Calamity Jane's rifles to sell at Heritage Auctions

A pair of rifles owned by Martha Jane Canary, better known as the famous Old West character Calamity Jane, are heading for auction next month.

The two guns, a Percussion Kentucky rifle and a Winchester Model 1876 Lever Action rifle, purportedly belonged to Canary during the late 19th century.

The rifles were formerly owned by Stella and Don Foote, renowned collectors of Western Americana, and later sold at Bonhams & Butterfield in 1988 where they were acquired by the late author and Old West expert Robert A. Palazzo.

The guns will now hit the auction block for the first time in over 30 years, as part of Heritage’s Americana & Political Signature Auction in Dallas on February 22-23.

Martha Jane Canary, known as ‘Calamity Jane’, posing in a photographer’s studio in the 1880s.

To this day ‘Calamity Jane’ is one of the most famed and collectible names of the Old West, despite the fact that much of her life remains a mystery.

It’s almost impossible to know where the tall tales end and the truth begins, which is perhaps why she has fascinated writers, historians, film makers and collectors for over a century.

Martha Jane Canary (1856 – 1903) was born in Missouri and was said to have been orphaned alongside her five siblings at the age of 14.
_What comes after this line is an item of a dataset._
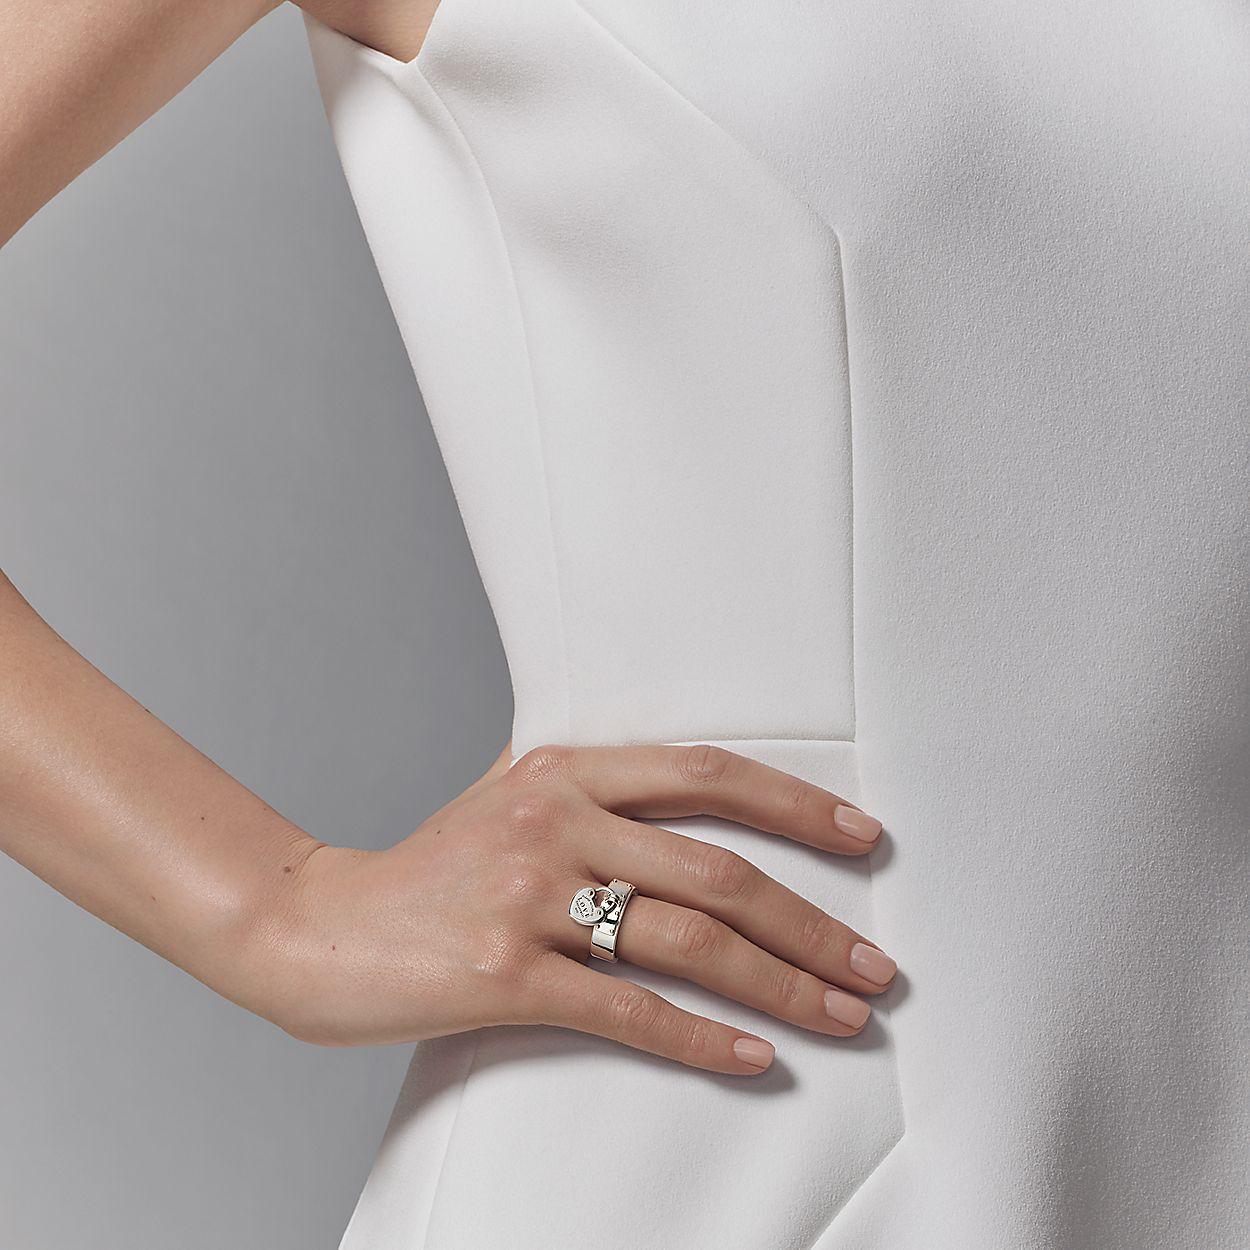 b5e25885ab Return to Tiffany™ Love lock ring in sterling silver. | Tiffany & Co.
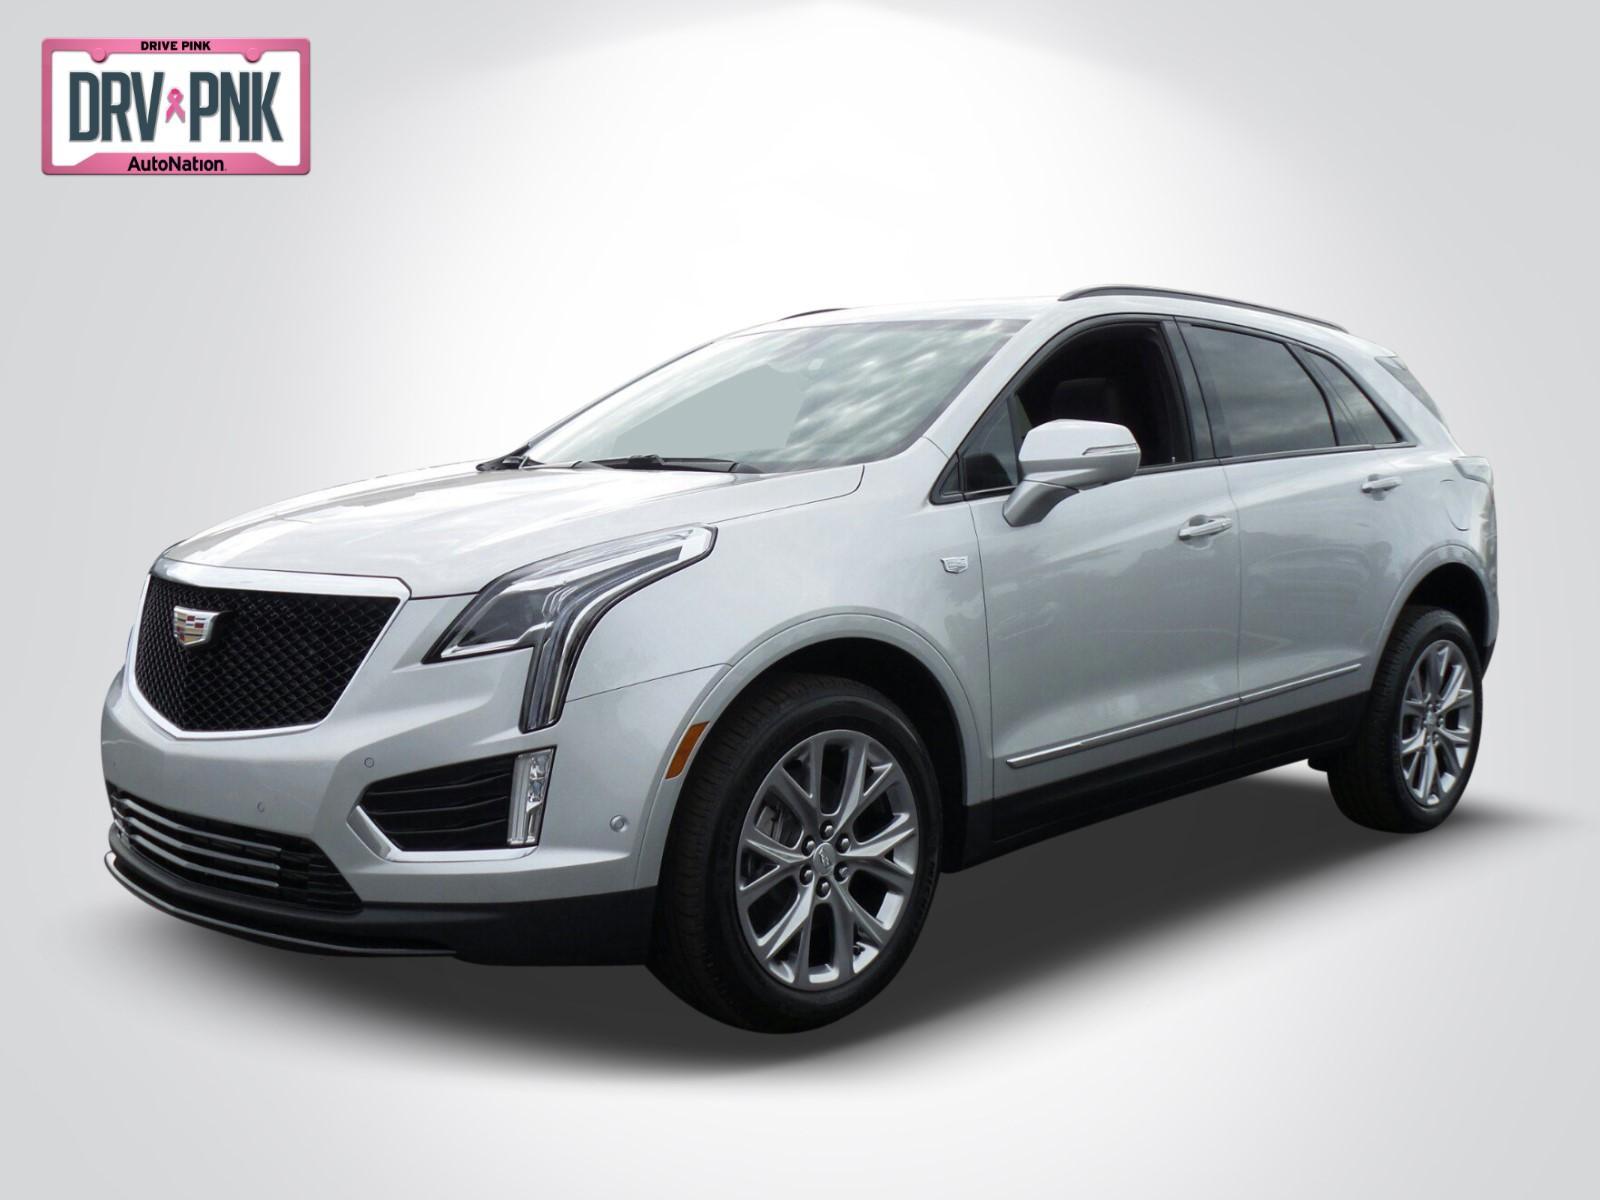 New 2021 Cadillac Xt5 Premium Luxury Price, Lease Deals ...

Details from her teenage years are sketchy, but in her heavily fictionalized 1896 autobiography she claimed to have served as a scout for General Custer during the Indian war, and described herself as “the most reckless and daring rider and one of the best shots in the western country”.

Calamity Jane's Winchester Model 1876 Lever Action Rifle (Image: Heritage Auctions)
Calamity Jane’s Winchester Model 1876 Lever Action Rifle (Image: Heritage Auctions)

No records of her military service exist, and her claims contradicted known facts, but what’s certain is that by the time she arrived in Deadwood in 1876 she had gained notoriety as a hard-living female who dressed like a man, and could more than hold her own in the wilds of the Western frontier.

It was in Deadwood that Canary befriended Wild Bill Hickock, who was killed during a poker game just few months after they met, and she later falsely claimed the pair had secretly been married.

Canary is thought to have earned a living through a combination of occasional prostitution, bull-whacking (driving an ox wagon) and as an inn keeper.

And despite her reputation for hard drinking and recklessness, she was also known for her generosity and caring nature, and she helped nurse the sick during a smallpox epidemic in Deadwood in 1877.

In her later years she joined Buffalo Bill’s Wild West show as a storyteller, where her skills for self-mythologizing were an integral part of the job, before her heavy drinking finally claimed her life in 1903.

Calamity Jane's Percussion Kentucky Rifle (Image: Heritage Auctions)
Calamity Jane’s Percussion Kentucky Rifle (Image: Heritage Auctions)

In many regards, Canary is a perfect example of the spirit of the era: a resilient, independent woman who travelled west and created her own legend.

The history and mythology of the American Old West is built upon such legends, many of them at best half-true and at worst the work of complete fiction.

She’s been portrayed in dozens of films, TV shows and books as everything from heroic scout to a fearless gunslinger, a prostitute with a heart of gold or a tragic figure crippled by alcoholism.

But regardless of the truth, there’s no denying that the sheer strength Canary’s character left an indelible mark on popular culture, as a larger-than-life woman surviving in a harsh man’s world.

And as the famous line goes from The Man Who Shot Libery Valance: “This is the West, sir. When the legend becomes fact, print the legend.”